# Is there a way to appeal a rating



## Super Nintendo Chalmers (Jun 16, 2015)

I just started driving and have done about 120 rides over 13 days. I got a 4.86 rating last week. My overall rating was still holding strong at a 4.82 late last night, when I picked up a group of girls. I got them to there destination in plenty of time and enjoyed some conversation. I wake up this morning and saw my rating drop to a 4.79 and my daily one from yesterday from a 4.7 to a 4.1. Which means that she gave me a 1. 
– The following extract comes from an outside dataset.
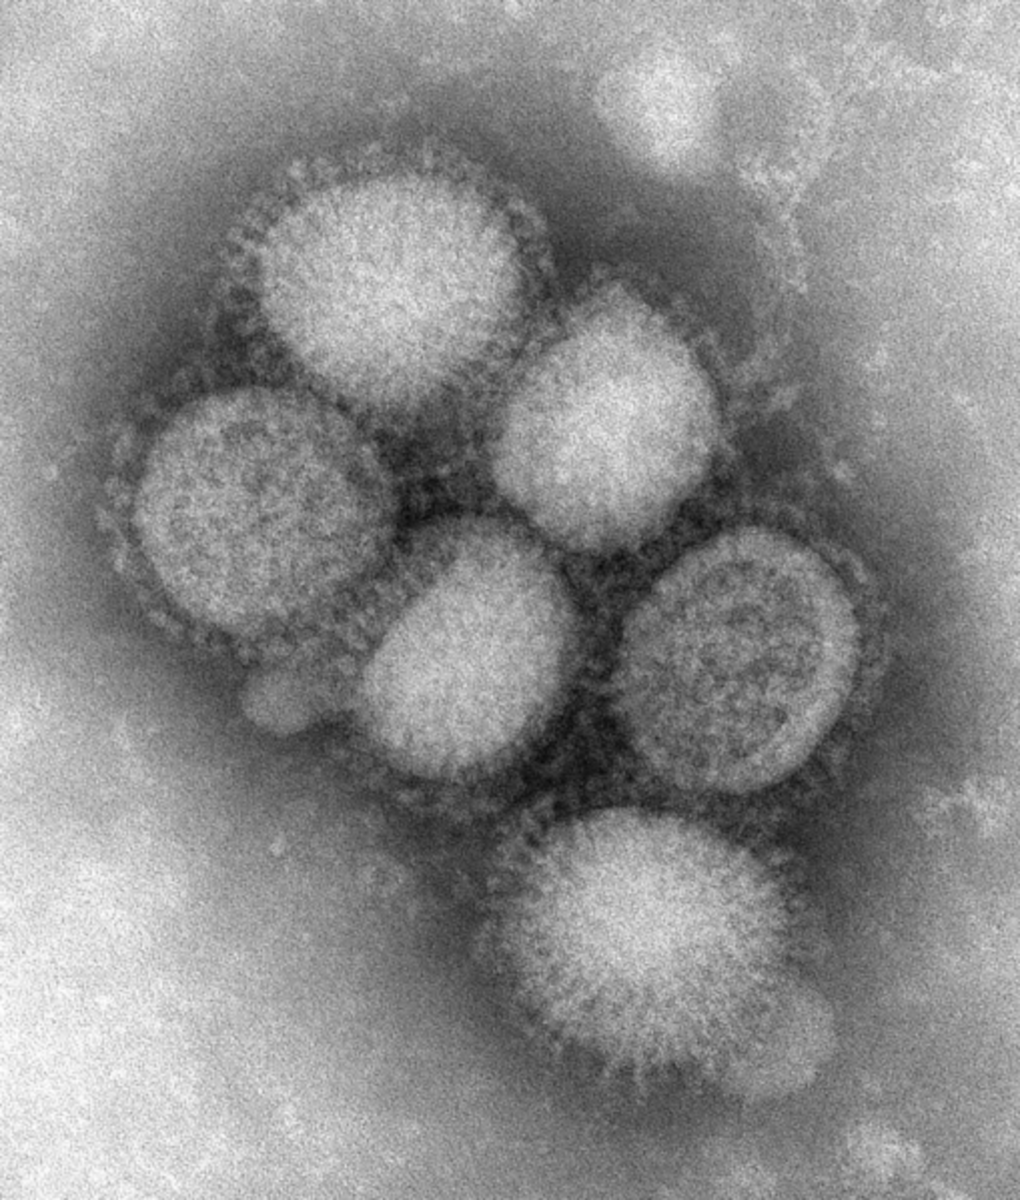 Microscopic image of the swine flu virus

This is BS and makes me want to not drive anymore if people are just screwing over drivers. Is there any way to appeal this?


----------



## SantaFe_Uber (May 13, 2015)

You can email into Uber and ask them to review the rating (I can count on my hand that I've seen them remove a rating, posted on this forum), but you have a better chance at winning the lottery before they touch a rating. Since you just started driving I would encourage you to #UberOn (if you want to) and not worry so much about the rating.


----------



## Amsoil Uber Connect (Jan 14, 2015)

Unless u have some serious game, best not to engage the girls, until they do first. Careful how u answer.

Stay thirsty my friend.


----------



## Huberis (Mar 15, 2015)

Super Nintendo Chalmers said:


> I just started driving and have done about 120 rides over 13 days. I got a 4.86 rating last week. My overall rating was still holding strong at a 4.82 late last night, when I picked up a group of girls. I got them to there destination in plenty of time and enjoyed some conversation. I wake up this morning and saw my rating drop to a 4.79 and my daily one from yesterday from a 4.7 to a 4.1. Which means that she gave me a 1.
> 
> This is BS and makes me want to not drive anymore if people are just screwing over drivers. Is there any way to appeal this?
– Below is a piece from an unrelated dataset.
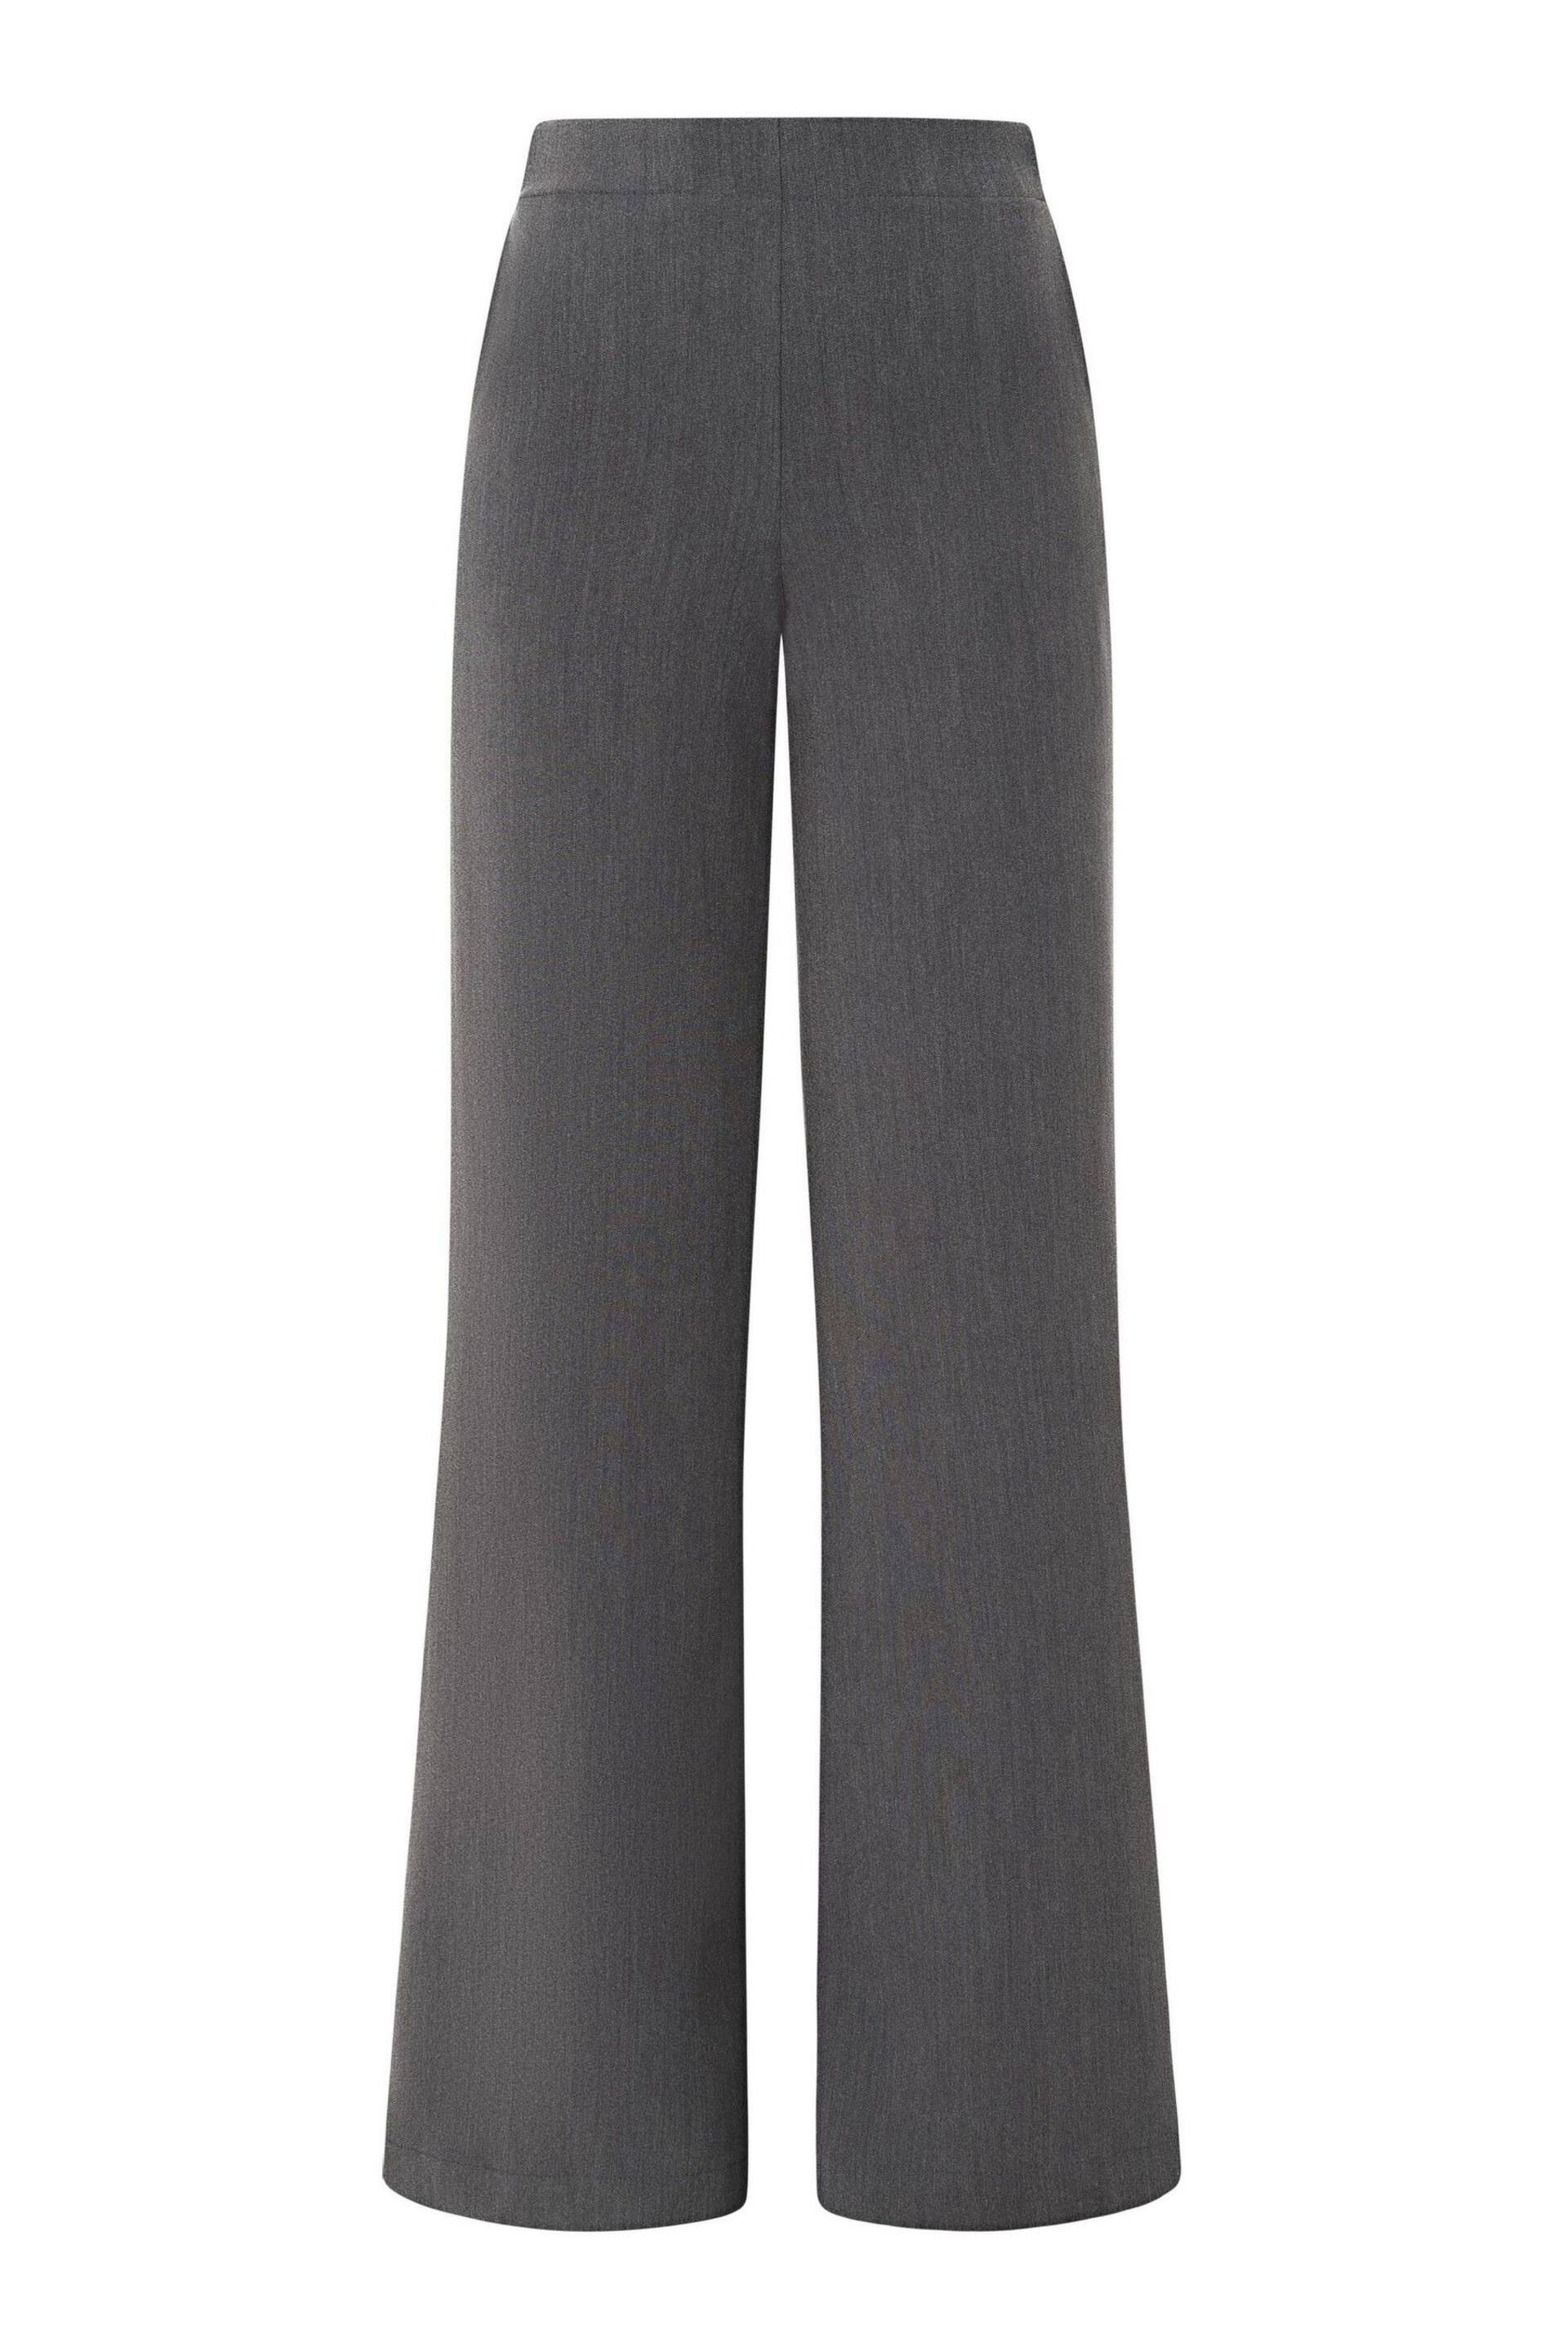 Hot Squash Grey Wideleg Trousers - Image 3 of 3

The driver rating system is largely designed to manipulate drivers to tow the line. Understand that first and foremost. It isn't about being fair or informative, it is about control.

That being said, you have no way of knowing who kicked you in the balls and voted you down a notch. It is quite possible someone you drove days before finally got around to rating you, and gave you a poor rating. Best not to assume you know who did or didn't rate you one way or another unless you observe them doing it. You just don't know. Pax voted blindly and erratically for a bunch of reasons. Travis and Uber know the reality and take full advantage of it being completely twisted. Keep your focus there on who is running the show - it ain't the pax.


----------



## UberxD (Aug 4, 2014)

Super Nintendo Chalmers said:


> I just started driving and have done about 120 rides over 13 days. I got a 4.86 rating last week. My overall rating was still holding strong at a 4.82 late last night, when I picked up a group of girls. I got them to there destination in plenty of time and enjoyed some conversation. I wake up this morning and saw my rating drop to a 4.79 and my daily one from yesterday from a 4.7 to a 4.1. Which means that she gave me a 1.
> 
> This is BS and makes me want to not drive anymore if people are just screwing over drivers. Is there any way to appeal this?


I had a passenger a week ago who said he opened the app and accidentally gave his driver a 2-star and wanted to know how he can change it. I told him he probably need to email Uber to get it fixed.

After learning that the ratings are the average and if in large number the 2-star might not matter, I said the driver still wouldn't like having an accidental 2-star and he said he'll email Uber to get it changed.

(But doing so is such a hassle i'm not sure if he did do it or not. My point: Passengers do accidentally give drivers low rating but we don't know how often)


----------



## Super Nintendo Chalmers (Jun 16, 2015)

Amsoil Uber Connect said:


> Unless u have some serious game, best not to engage the girls, until they do first. Careful how u answer.
> 
> Stay thirsty my friend.


Trust me, I didn't engage them in any convos. They were just talking and asking me questions. Good to know about the people that vote later. However, wouldn't my single day rating going down immediately mean that it was a person that I drove that day that voted?


----------



## alln (Jun 16, 2015)

Super Nintendo Chalmers said:


> I just started driving and have done about 120 rides over 13 days. I got a 4.86 rating last week. My overall rating was still holding strong at a 4.82 late last night, when I picked up a group of girls. I got them to there destination in plenty of time and enjoyed some conversation. I wake up this morning and saw my rating drop to a 4.79 and my daily one from yesterday from a 4.7 to a 4.1. Which means that she gave me a 1.
> 
> This is BS and makes me want to not drive anymore if people are just screwing over drivers. Is there any way to appeal this?


No there is no way to appeal because on the other end all robots are answering to your email in pre written format but if you are California, you can participate in ongoing class action lawsuit,


----------